ArchiveTeam / wpull

Wget-compatible web downloader and crawler.
GNU General Public License v3.0
554 stars 77 forks source link

NUL byte in <link> href confuses libxml2-lxml parser #459

Open JustAnotherArchivist opened 3 years ago

JustAnotherArchivist commented 3 years ago

Via ArchiveBot job b4cobsdfap6j2kzjo3i4jwnsx:

wpull --recursive --no-verbose --no-parent --html-parser libxml2-lxml https://www.e-gov.am/gov-decrees/item/23174/

This recurses to wonderful URLs such as https://www.e-gov.am/gov-decrees/item/23174/1clip_themedata.thmx%22%20rel=%22themeData%22%20/%3E (and it only gets worse from there).

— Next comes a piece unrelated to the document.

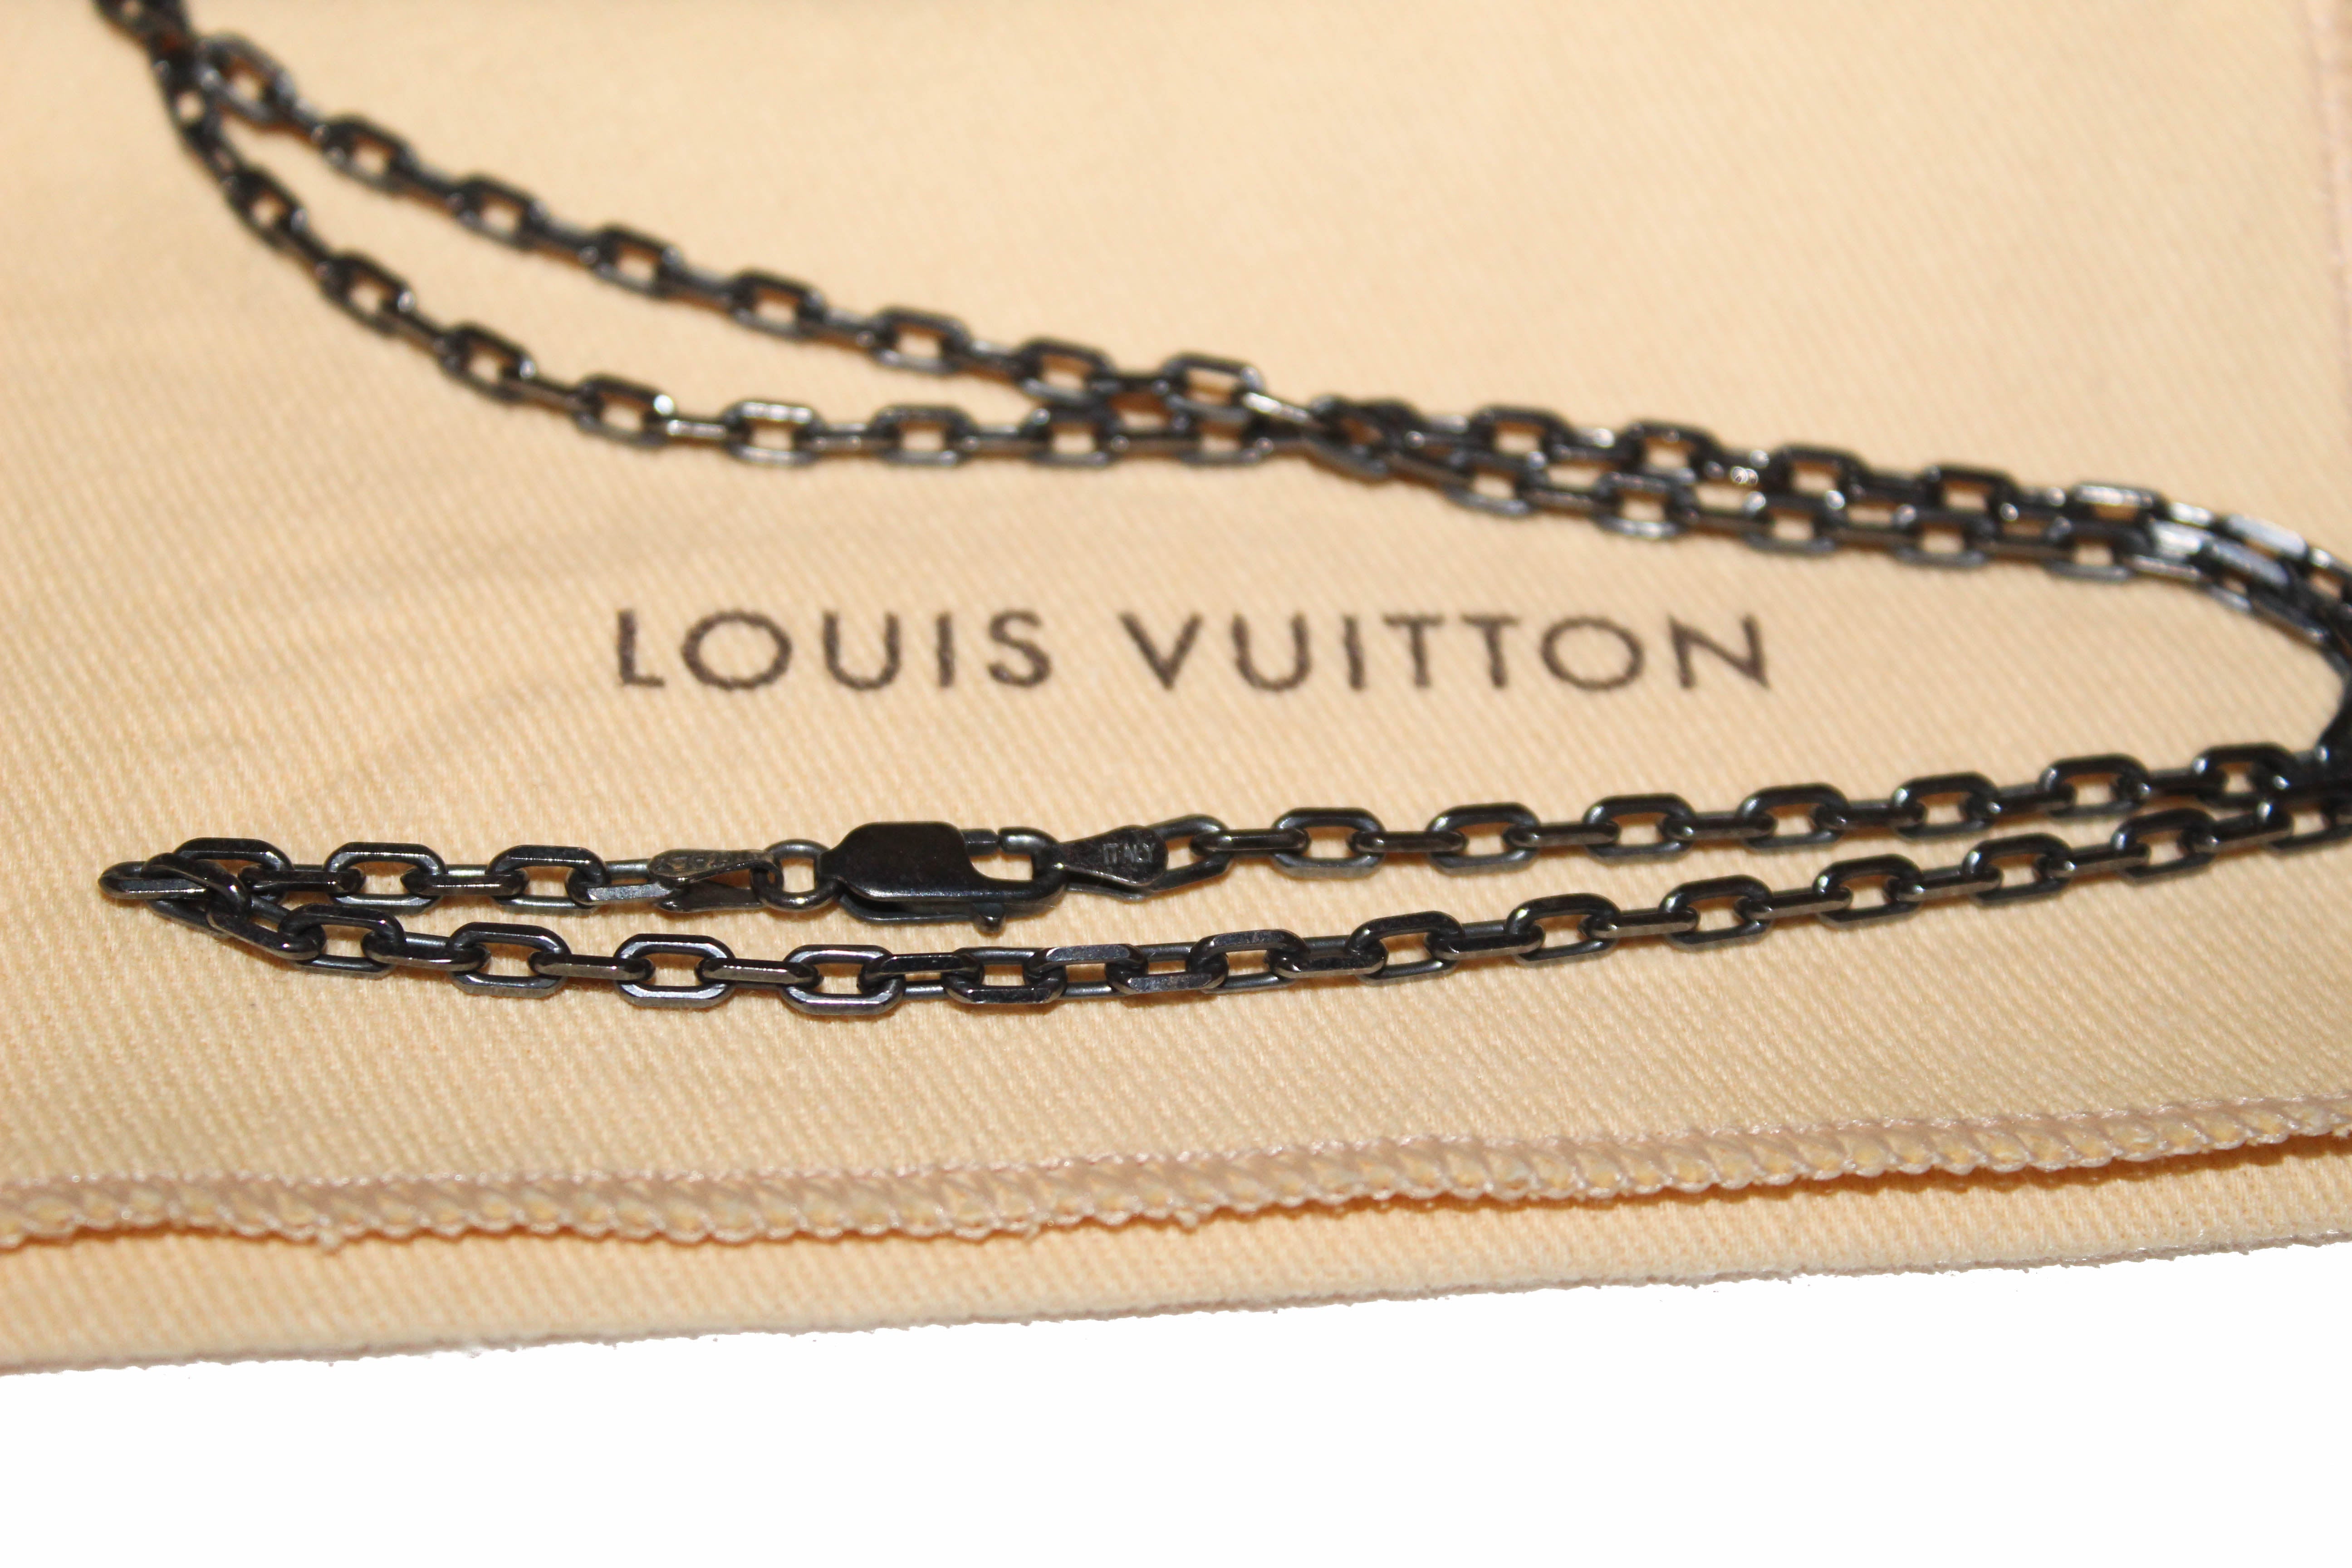 How to Shorten the Strap on your Louis Vuitton Felicie Chain

The page contains these three <link> tags with NUL bytes (^@):

<link href="file:///C:DOCUME~1MarineALOCALS~1Tempmsohtmlclip1^@1clip_filelist.xml" rel="File-List" />
<link href="file:///C:DOCUME~1MarineALOCALS~1Tempmsohtmlclip1^@1clip_themedata.thmx" rel="themeData" />
<link href="file:///C:DOCUME~1MarineALOCALS~1Tempmsohtmlclip1^@1clip_colorschememapping.xml" rel="colorSchemeMapping" />

This only happens with the libxml2-lxml parser; the html5lib parser handles it correctly, i.e. does not extract any extra URLs.

Tested on two machines, both with Python 3.6.10. One has lxml 4.4.2 and libxml2 2.9.4 with wpull 2.0.3, the other has lxml 4.6.2 and libxml2 2.9.10 with wpull The Blocking PR 393.